● Activity:
Please repeat the lines below exactly. Begin with the line containing "LEGO Creator Palace Cinema Modular Building" and go on through the line containing "Kids Knitted Reindeer".

● Given records:
------------------------------------------------

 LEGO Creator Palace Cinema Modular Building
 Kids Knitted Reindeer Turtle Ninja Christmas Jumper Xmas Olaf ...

------------------------------------------------

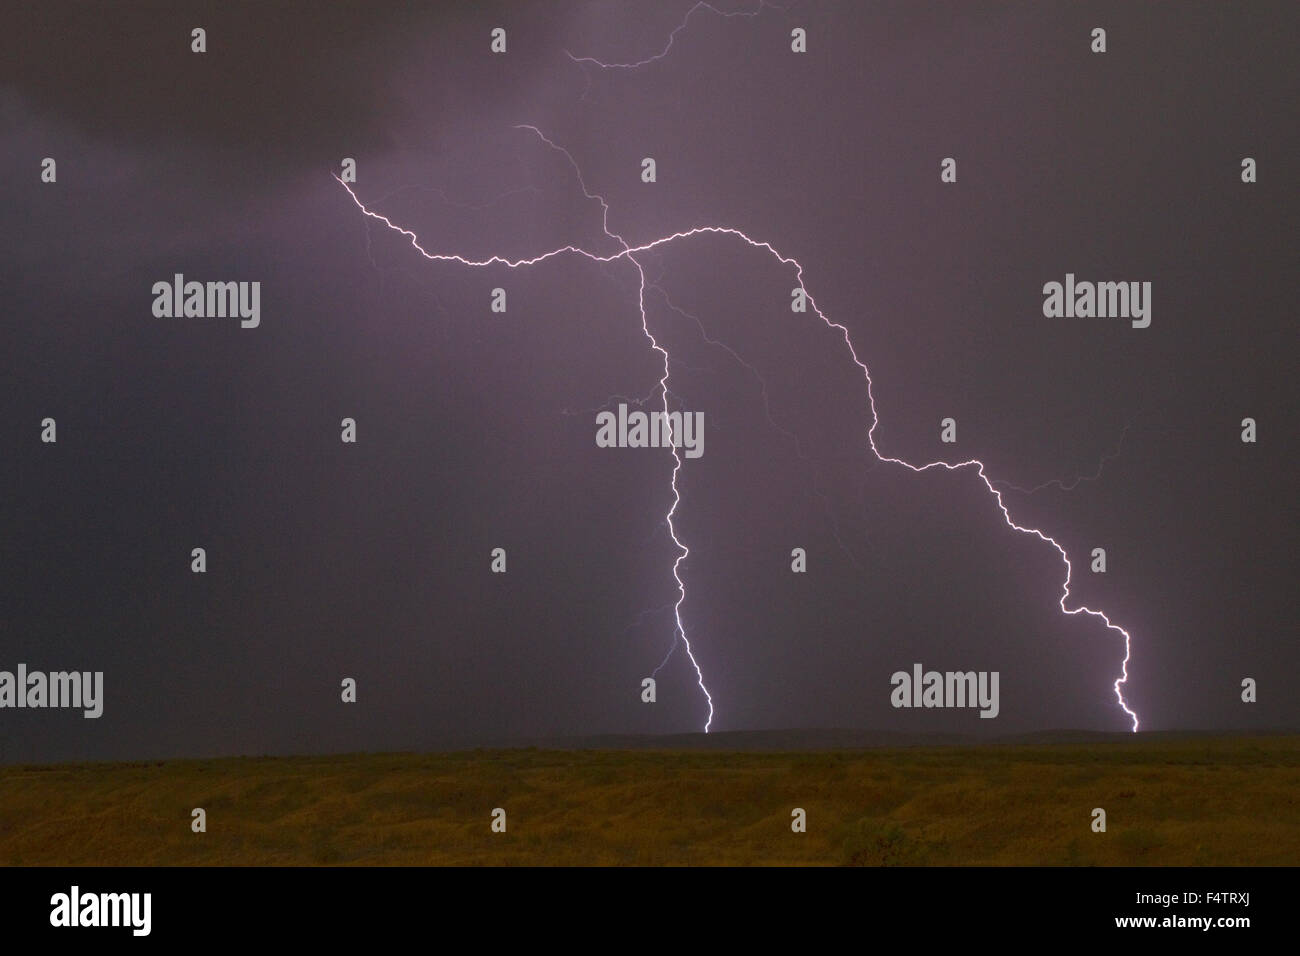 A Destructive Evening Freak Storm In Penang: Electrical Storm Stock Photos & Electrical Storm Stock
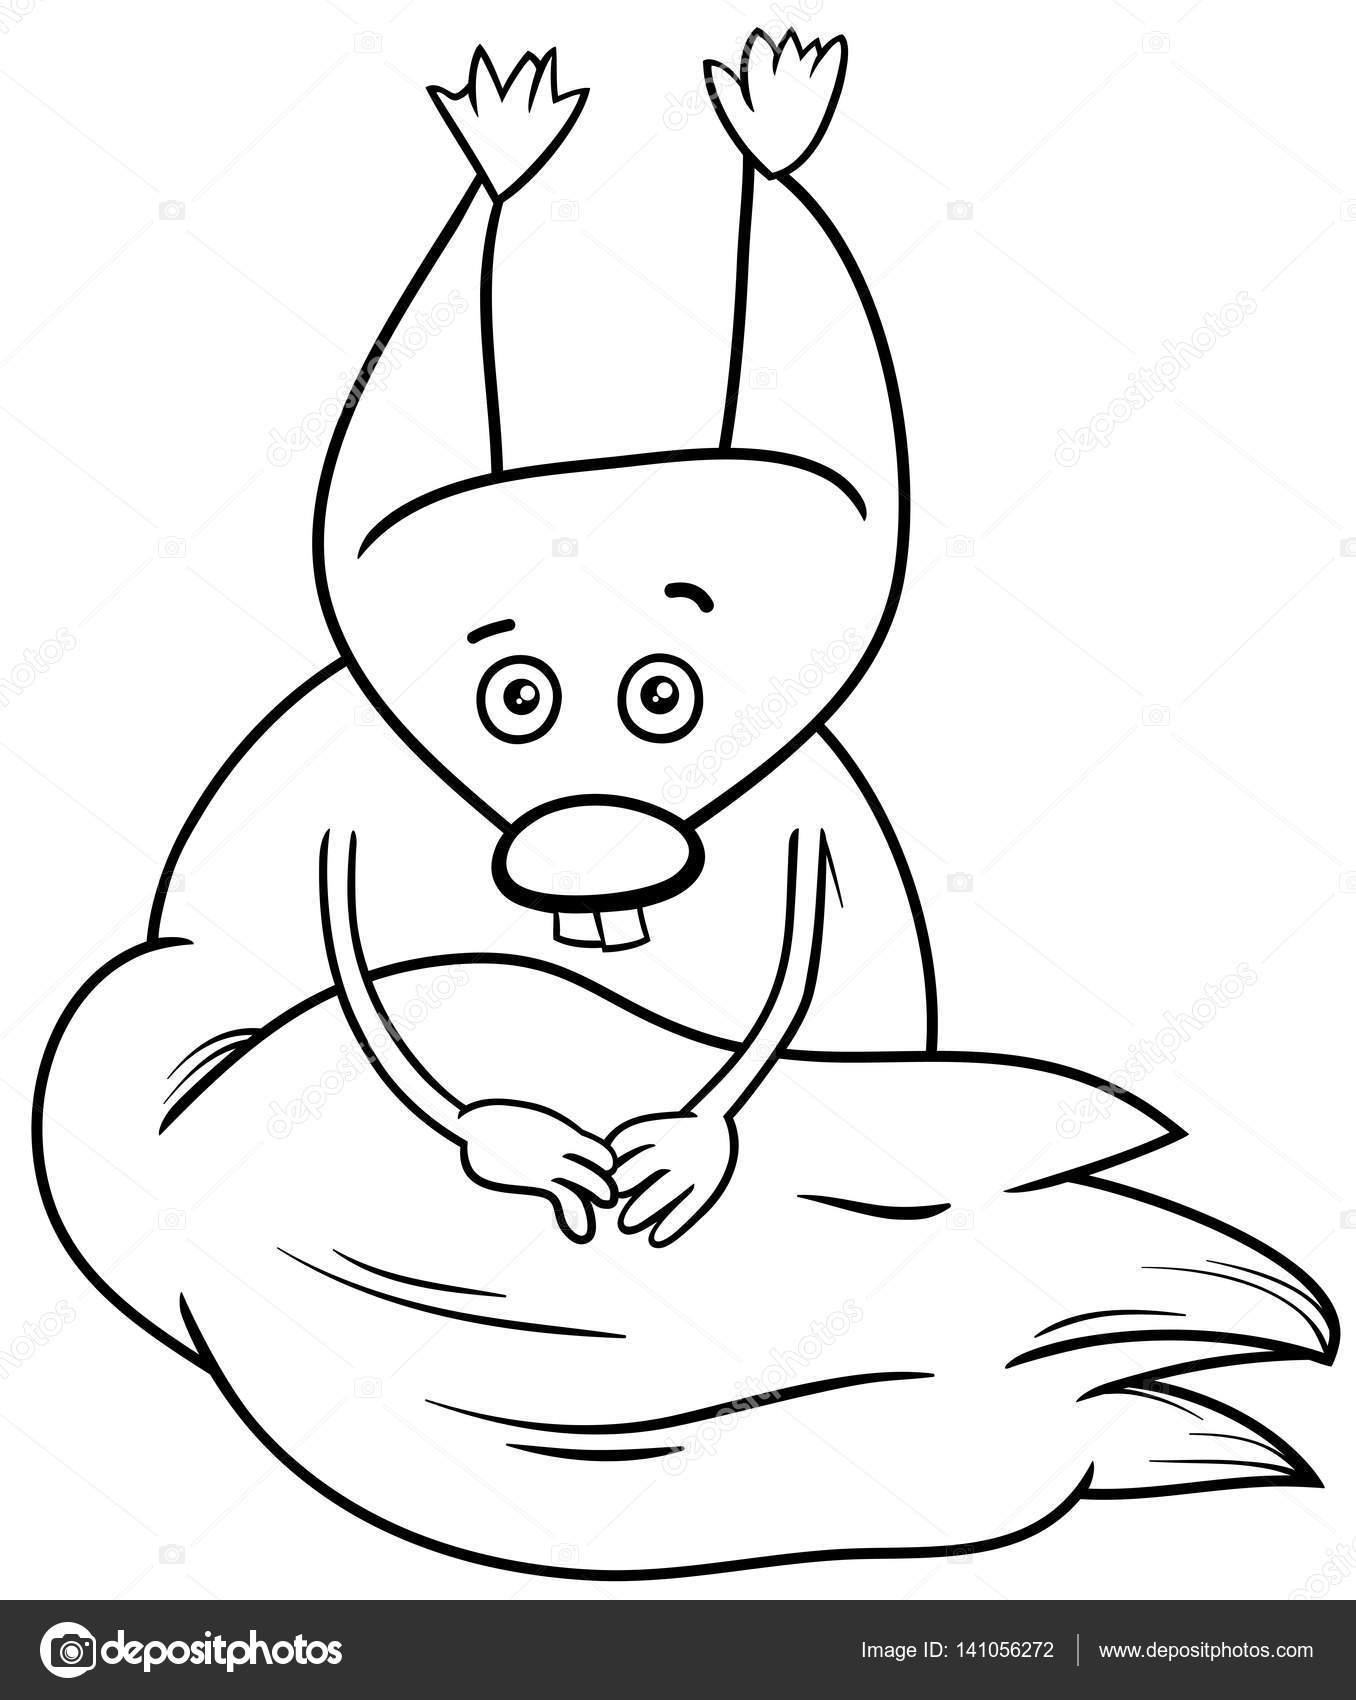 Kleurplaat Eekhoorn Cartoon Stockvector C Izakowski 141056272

------------------------------------------------

● Result of the exercise:
 LEGO Creator Palace Cinema Modular Building
 Kids Knitted Reindeer Turtle Ninja Christmas Jumper Xmas Olaf ...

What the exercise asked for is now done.